Je viens de découvrir un film bien intéressant et assez original consacré aux malfaisances de Satan et à la façon habile, insidieuse et terrifiante que le Prince des Ténèbres emploie pour pervertir les âmes. L’éditeur n’a pas eu la main mauvaise en publiant l’adaptation d’un roman intitulé Sanctuaire, écrit par James Herbert, écrivain dont j’ignore tout mais qui semble avoir une grande notoriété dans le domaine de la littérature d’épouvante. Notoriété justifiée au vu de l’originalité de l’histoire relatée dans La Chapelle du diable par le réalisateur Evan Spiliotopoulos, avant tout scénariste habitué de films fantastiques.
Ce n’est pas si facile de mettre en scène un film sur le Démon, qui ne soit pas caricatural et simpliste ; la tentation (je choisis le mot à dessein) consiste à multiplier les images épouvantables et à flatter le goût du public pour les coups au cœur. Spiliotopoulos n’est pas absolument dépourvu de ce défaut et les quinze dernières minutes de La Chapelle du diable y tombent carrément, ce qui fait un peu fléchir mon appréciation ; mais je suppose que, commercialement parlant, il fallait passer par là. Dommage : le Diable n’est jamais si convaincant que lorsqu’il s’avance feutré et cauteleux (tiens, voyez La main du diable de Maurice Tourneur pour comprendre ce que je veux dire).
Ce n’est pas facile non plus de tourner, dans une veine très encombrée, un film qui fait peur ; à tout le moins qui fait naître l’inquiétude. D’ailleurs le réalisateur, qui connaît sa grammaire et son vocabulaire cinématographiques, est bien contraint de puiser des idées chez les grands précurseurs. J’ai essentiellement décelé l’influence du Masque du démon de Mario Bava et de l’indépassable Exorciste de William Friedkin.

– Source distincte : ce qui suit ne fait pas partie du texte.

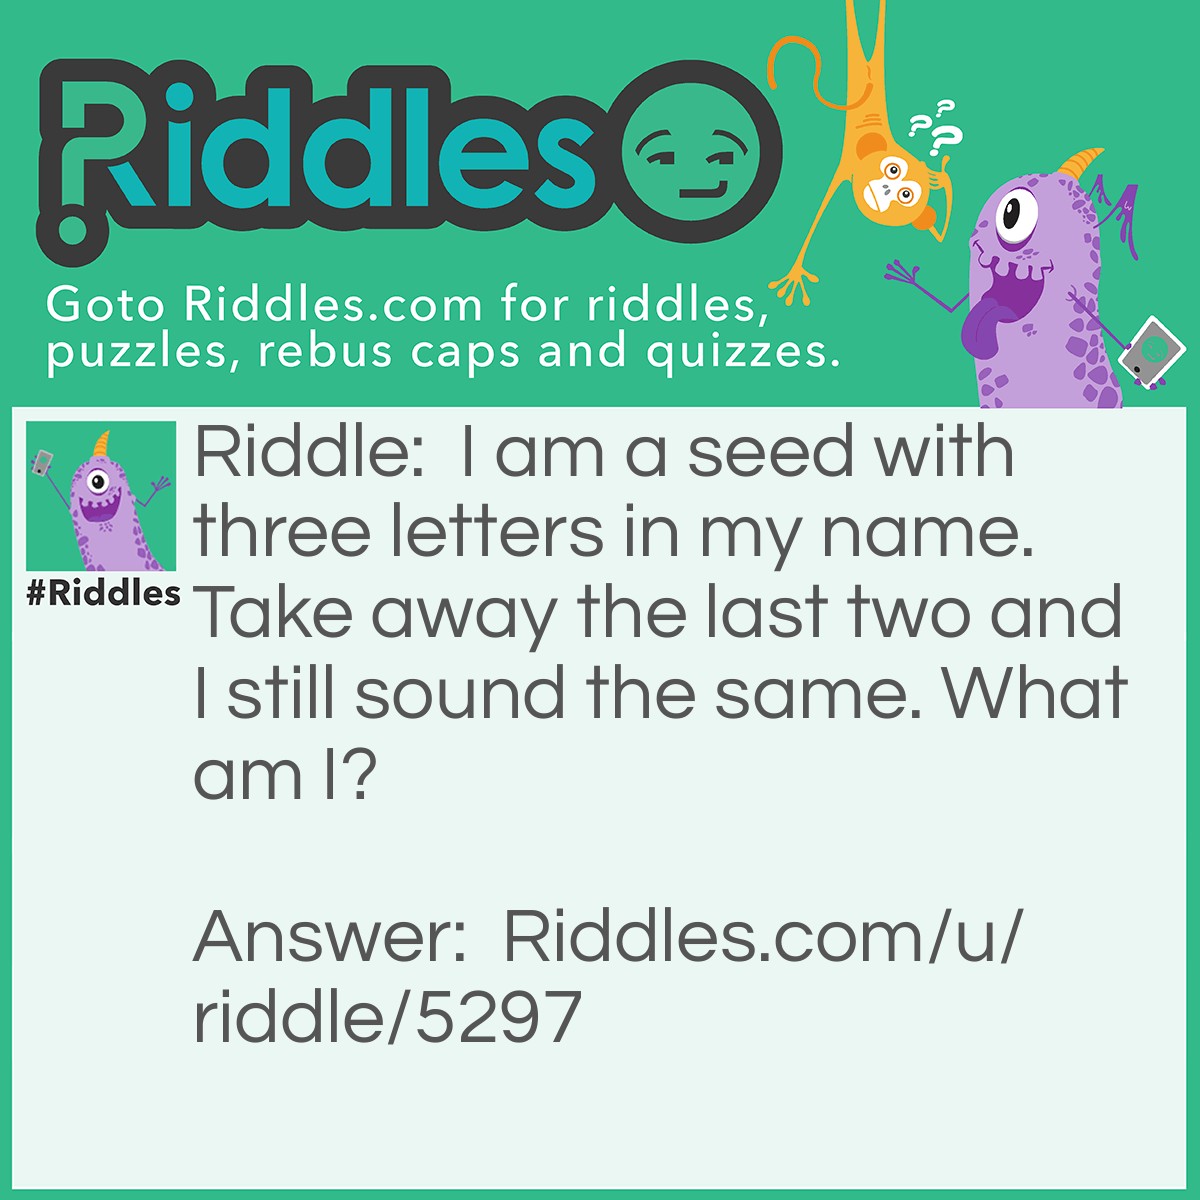 Riddle: I am a seed with three letters in my name. Take away the last two and I still sound the same. What am I? Answer: I'm Pea. When you take away the last 2 letters it's P, which sounds the same.

Mais on pourrait distinguer, ici et là, d’autres influences ; d’ailleurs on ne rate jamais ses effets lorsque l’on filme une forêt nocturne envahie par la brume. Et c’est très bien ainsi, parce que c’est là une atmosphère qui fiche effectivement les chocottes.
Pour faire bref, voilà l’intrigue : Jerry Fenn (Jeffrey Dean Morgan), journaliste qui fut célèbre mais qui, grisé par cette célébrité est allé trop loin en inventant de faux faits divers et qui désormais vivote, est appelé pour une pige à Banfield, bourgade perdue du Massachusetts. Le fait divers – la mutilation sadique d’une vache, mode récente qui désormais fait flores – fait long feu. Par une suite de hasards (guère convaincants au demeurant), Fenn découvre l’étrange relation que la jeune Alice (Cricket Brown), orpheline sourde et muette hébergée par son oncle, le prêtre catholique Hagan (William Sadler) entretient avec une Dame qui lui parle et la conseille. Et peu à peu, la Dame conduit Alice à dispenser autour d’elle des miracles ; en premier lieu le sien propre puisqu’elle recouvre la parole.

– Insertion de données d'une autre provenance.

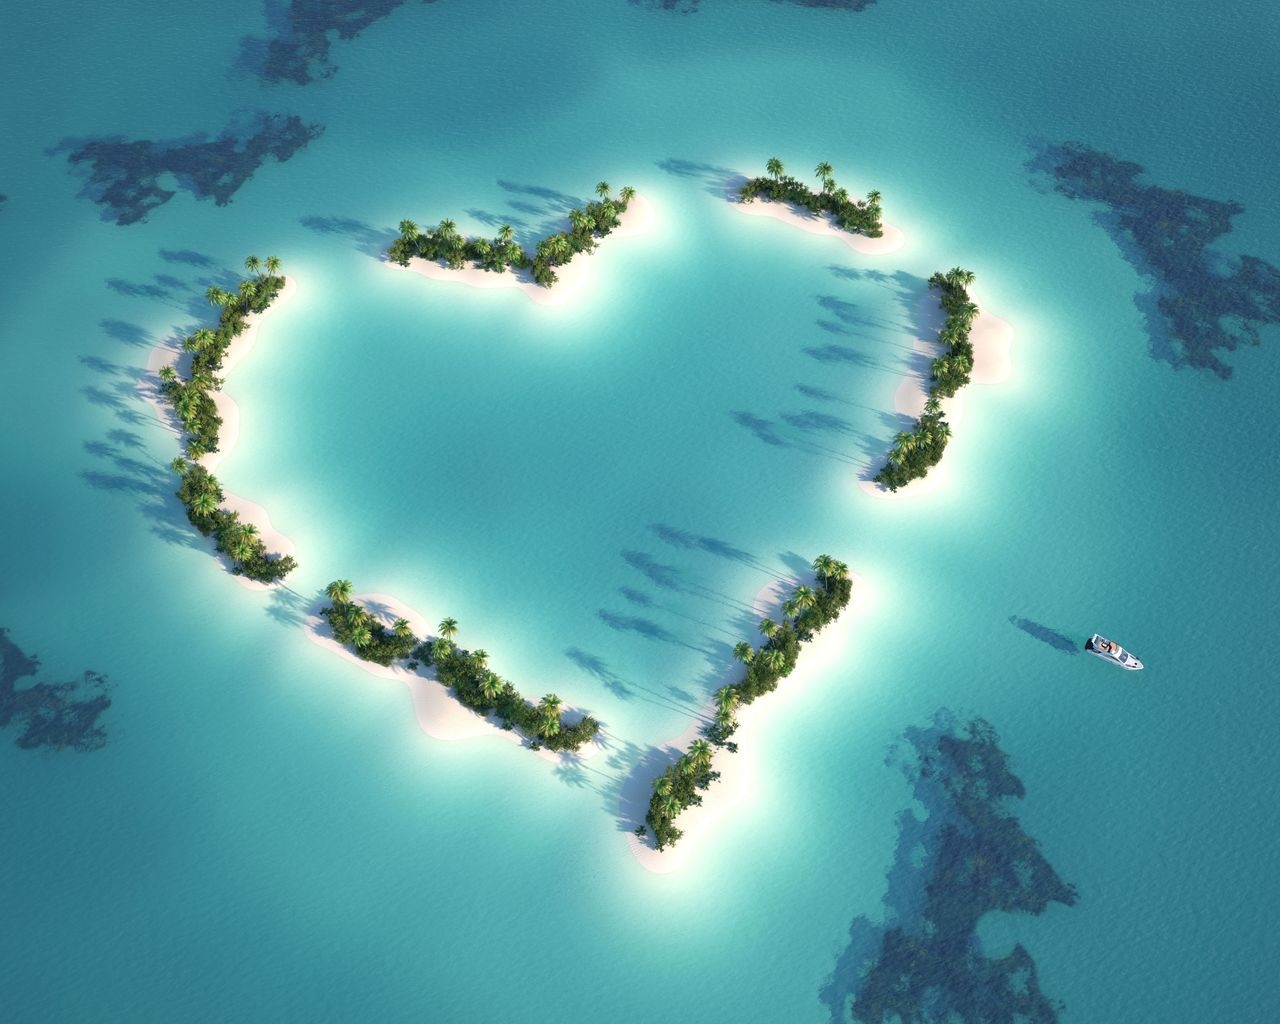 The Love Island for 1280 x 1024 resolution

Apparition et miracles : on évoque donc là la situation de Lourdes, de Fatima, de Medjugorje ; on évoque d’ailleurs assez mal ces sanctuaires de la piété populaire puisque l’Archevêque de Boston (Cary Elwes), émoustillé à l’idée que son Diocèse pourrait abriter un site sacré – et rémunérateur – indique en conférence de presse qu’à Lourdes ont eu lieu depuis 1858, plus de 50000 miracles alors qu’aujourd’hui l’Église ne reconnaît que 70 guérisons. Admettons de toute façon que ce n’est pas dans un film de ce genre qu’on peut trouver une orientation bien ferme et une théologie solide.
Ce qui est très intéressant dans le film, c’est donc la conduite de Satan : c’est lui qui, depuis l’origine mène la danse ; il a d’ailleurs commencé très tôt puisqu’il a dès la fondation de Banfield, en 1845, infesté l’esprit de Mary Elnor (Marina Mazepa), qui fut brûlée, portant sur le visage un masque (c’est là l’influence de Bava) et qui est une ancêtre directe de la jeune Alice et son vecteur maléfique.
Le film ne manque pas de structure et ce qu’il réussit le mieux, c’est de montrer le caractère insidieux, trompeur – à proprement parler satanique – du Démon qui est prêt de triompher. J’aurais aimé qu’il allât au bout de sa logique, dévastant les âmes et la contrée. Mais ça se termine bien.
Dommage : la réalité est moins optimiste.